Quartic equations are equations of the fourth degree, which means their highest power of the variable is four. In the original math problem, the quartic equation is given as: \[y^4 - 5y^2 + 6 = 0\]To solve a quartic equation, one approach is to use a substitution to transform it into a simpler quadratic form. By letting \(z = y^2\), the equation simplifies to:\[z^2 - 5z + 6 = 0\]This transformation effectively turns the quartic equation into a quadratic one, making it easier to solve using the quadratic formula. When faced with a quartic equation, looking for patterns or substitutions that can reduce the complexity of the problem is often a successful strategy.By reducing the quartic to a quadratic, we allow ourselves to use a well-known formula to find the solutions with ease.

The discriminant is a key part of the quadratic formula, and it helps determine the nature of the roots of a quadratic equation. For any quadratic equation of the form \(ax^2 + bx + c = 0\), the discriminant \(\Delta\) is calculated as:\[\Delta = b^2 - 4ac\]In our example, the quadratic equation \(z^2 - 5z + 6 = 0\) has:

• \(a = 1\)
• \(b = -5\)
• \(c = 6\)

By substituting these into the discriminant formula, we get:\[\Delta = (-5)^2 - 4 \times 1 \times 6 = 25 - 24 = 1\]A positive discriminant, like 1 in this example, means that the quadratic equation has two distinct real roots. This provides us with crucial information before proceeding to solve the equation.
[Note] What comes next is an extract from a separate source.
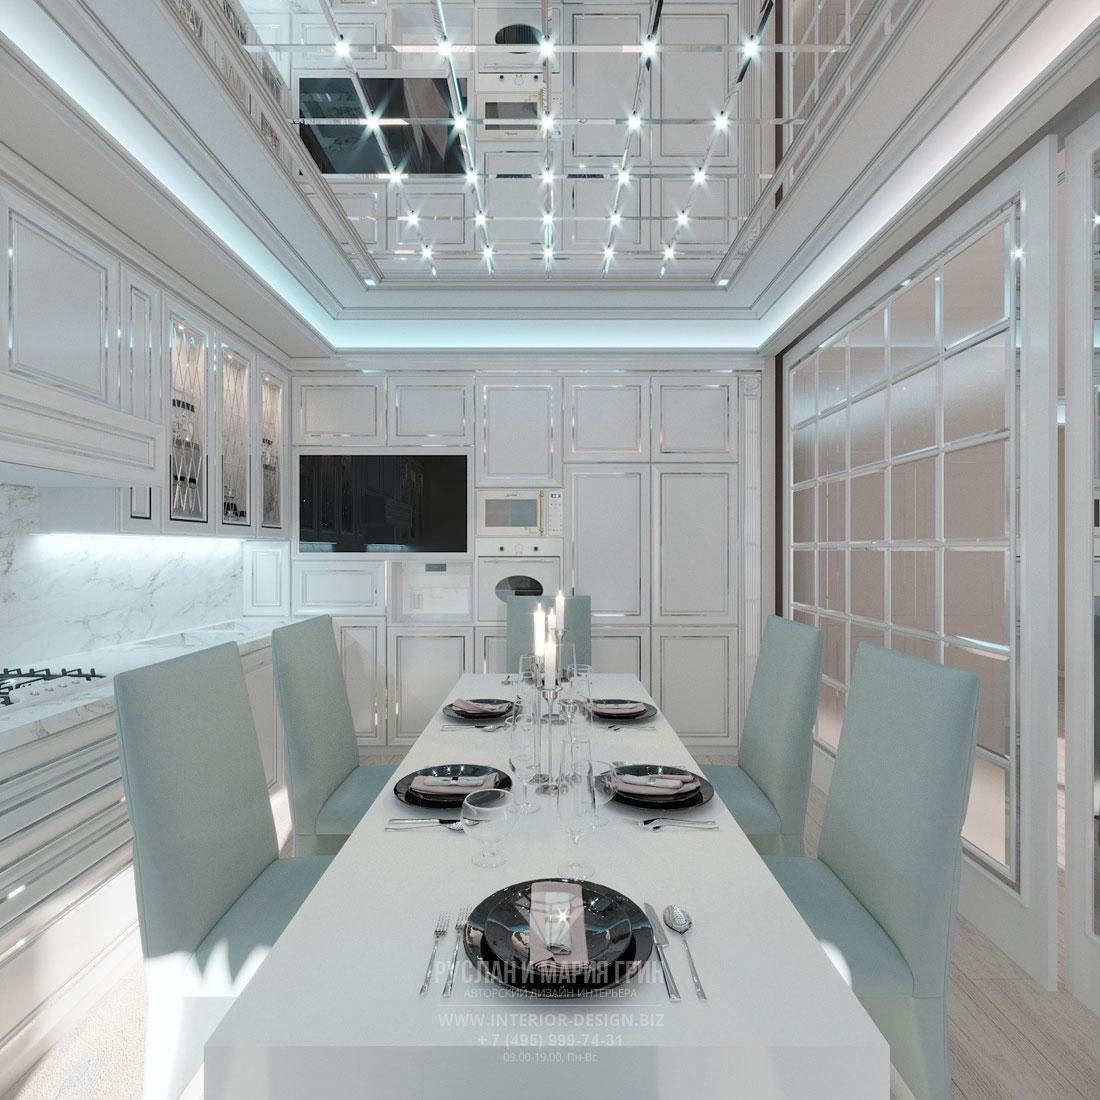 Дизайн интерьера кухни-столовой в стиле современного арт-деко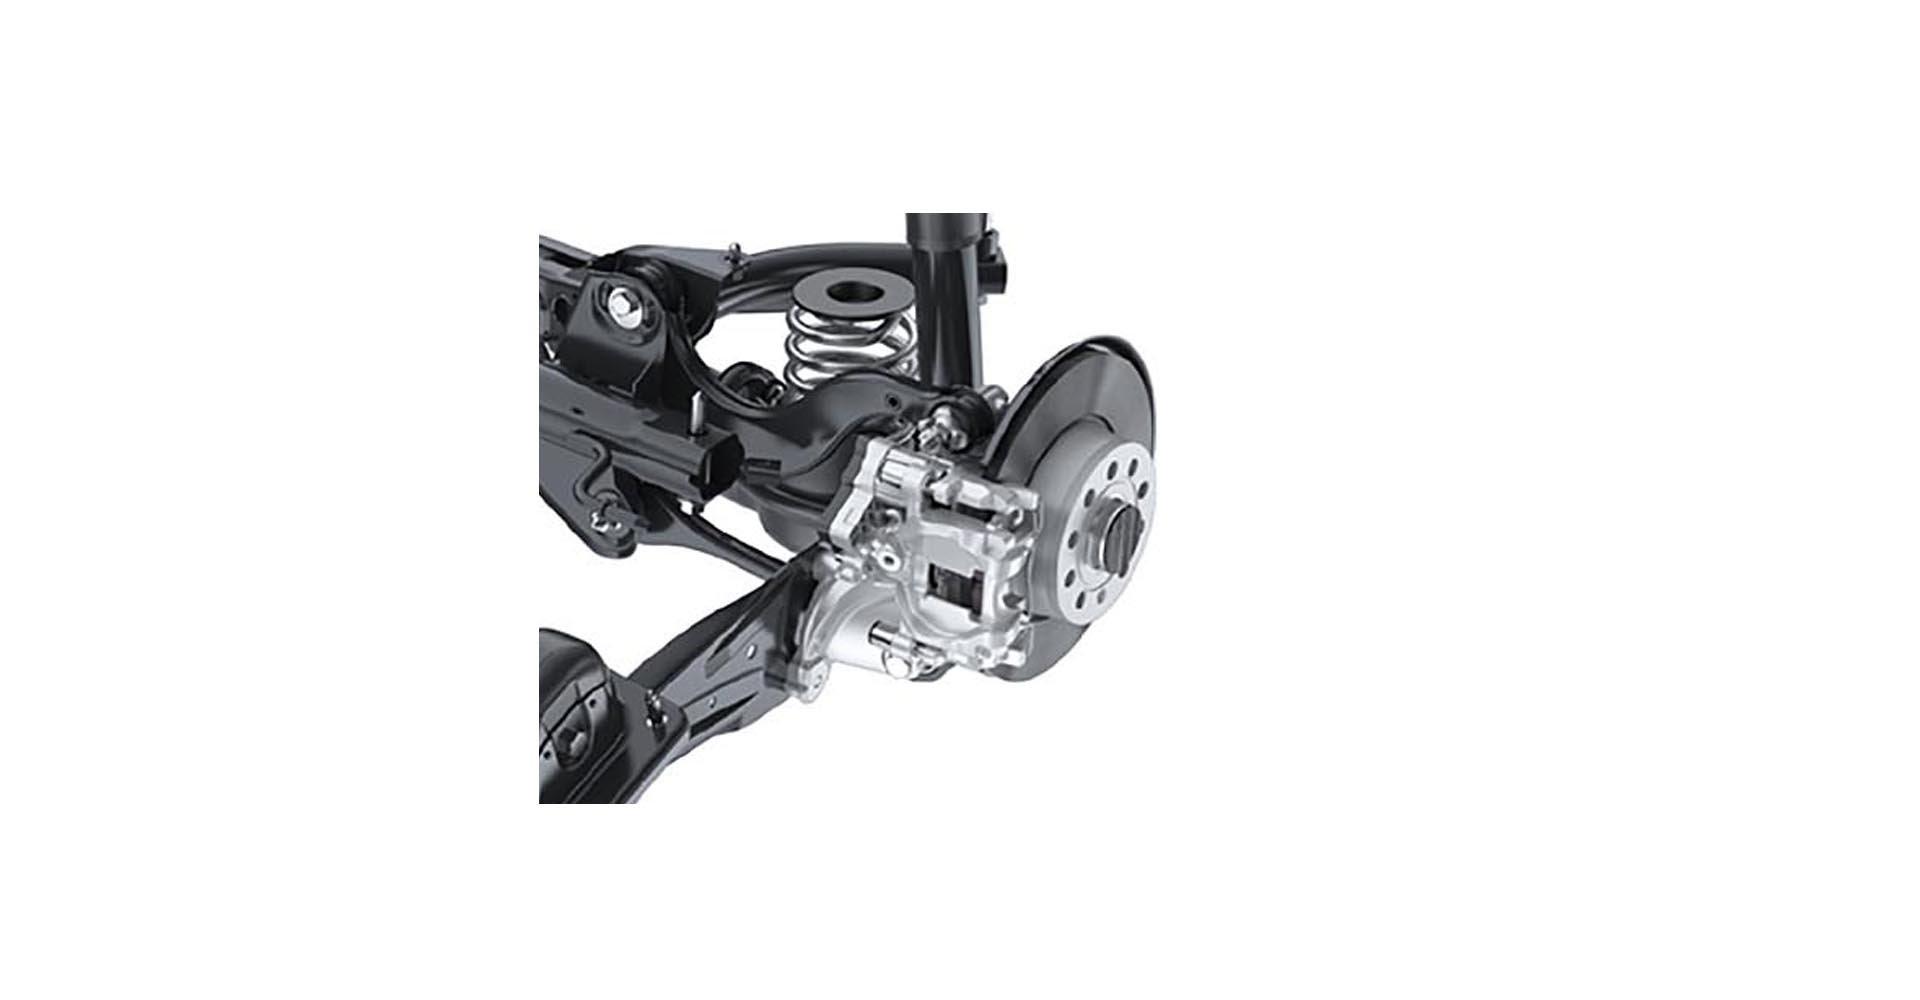 02_VW Mk7 GTI rear brakes

Once you have the discriminant, solving a quadratic equation using the quadratic formula is straightforward. The formula is: \[z = \frac{-b \pm \sqrt{\Delta}}{2a}\]In the context of our problem, with \(a = 1\), \(b = -5\), and \(\Delta = 1\), we find the values of \(z\) by substituting these values into the formula:\[z = \frac{5 \pm \sqrt{1}}{2}\]This results in two solutions:

• \(z_1 = \frac{5 + 1}{2} = 3\)
• \(z_2 = \frac{5 - 1}{2} = 2\)

To find the solutions for \(y\), remember \(z = y^2\). Therefore, for each \(z\), we solve \(y^2 = z\):

• For \(z = 3\), \(y = \pm \sqrt{3}\)
• For \(z = 2\), \(y = \pm \sqrt{2}\)

Hence, the solutions of the original quartic equation are:\[y = \sqrt{3}, -\sqrt{3}, \sqrt{2}, -\sqrt{2}\]Using the quadratic formula in conjunction with the understanding of the discriminant makes solving even complex equations like quartics feasible and systematic.